Challenges of Spanish Literary Translation

Anyone who translates in earnest knows from direct experience how many difficulties are involved in transferring the contents, forms, and structures of a novel, play, or poem, and captured under the rubric of literary translation. 

The challenges of translation have been present since its very beginning. The publication of trend analyses, that is, comparative studies of different linguistic approaches to translation are so numerous that it is difficult to give them the attention they all deserve.

It is worth emphasizing the creative nature of translations, a creativity that is often the main channel of understanding between cultures. Without creative translation we would know much less than we do. Many basic texts of national culture in places like Spain have arrived in translations. The translator is often considered as creative as the person who wrote the original. It must be noted that translators have always also been considered a necessity. Translators follow a path already established by what is narrated or what is developed with the passing of the pages, therefore they do not need to invent the continuation. They do not have the create the plot, the argument, the characters, and the other components of the work. Rather, they focus their efforts on writing. They appear to overlap with the authors, however, in that they use identical working tools as they do. Both must operate with words. And they must follow the same principles. The difficulty of achieving a text that is readable and expresses the literary purpose and effects sought belongs to the same domain.

The most striking difference is that, as noted, when working on an established text the translator creates when interpreting it. A possible comparison with the creative activity performed by a pianist, for example, arises immediately. In both cases there is a written work in print or a score that requires a version. And that this one responds with the greatest accuracy to the guidelines indicated by the creator is the objective. Never forgetting, moreover, that while an author can spend as much time as he or she needs to find the right expression, the translator has only a few months to make all his or her choices. However, it sometimes happens that some authors even consider that the translation of their works reflects their aesthetic intentions more accurately than when they wrote them.

Translators are invisible heroes. A sloppy translation can destroy even the noblest prose and verse. However, if the result is good, the glory lies with the creator, not with the interpreter. And while a writer is celebrated for ignoring certain rules or breaking aesthetic canons, a translator is blamed for such audacity.

The mediating nature of the translator and his or her awareness that accuracy is unattainable, so that the decisions he or she makes are always subject to revision.
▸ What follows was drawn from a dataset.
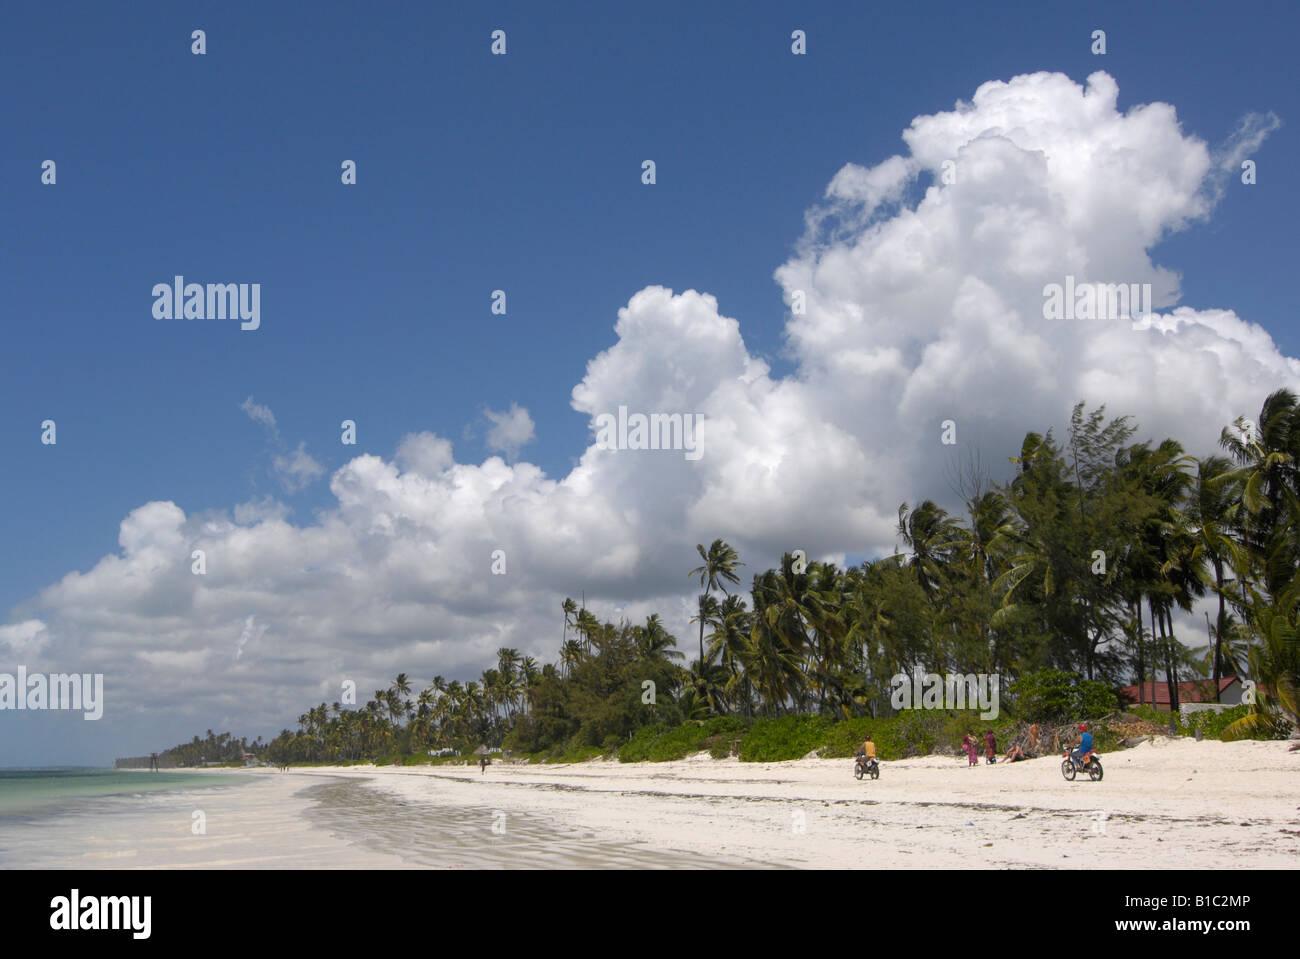 geography / travel, Tanzania, Bwejuu, Bwejuu Beach, Zanzibar, Additional-Rights-Clearance-Info-Not-Available - Stock Image

They even have an expiry date. Hence the well-known and questionable tendency to make new versions of classical works, or not so much, so that they are in keeping with the period in which they are read.

A translator, a partner in the author’s craft, ultimately has a kind of spectral presence that is found everywhere in the work he worked on, without appearing in any of it. He aspires to disappear, he tries to make the reader not notice him, he wants to be literally invisible so that what shines is the author. In no case should he consider invisibility to be a detriment to his work, but rather an indispensable value so that his interpretation appears to be the best possible.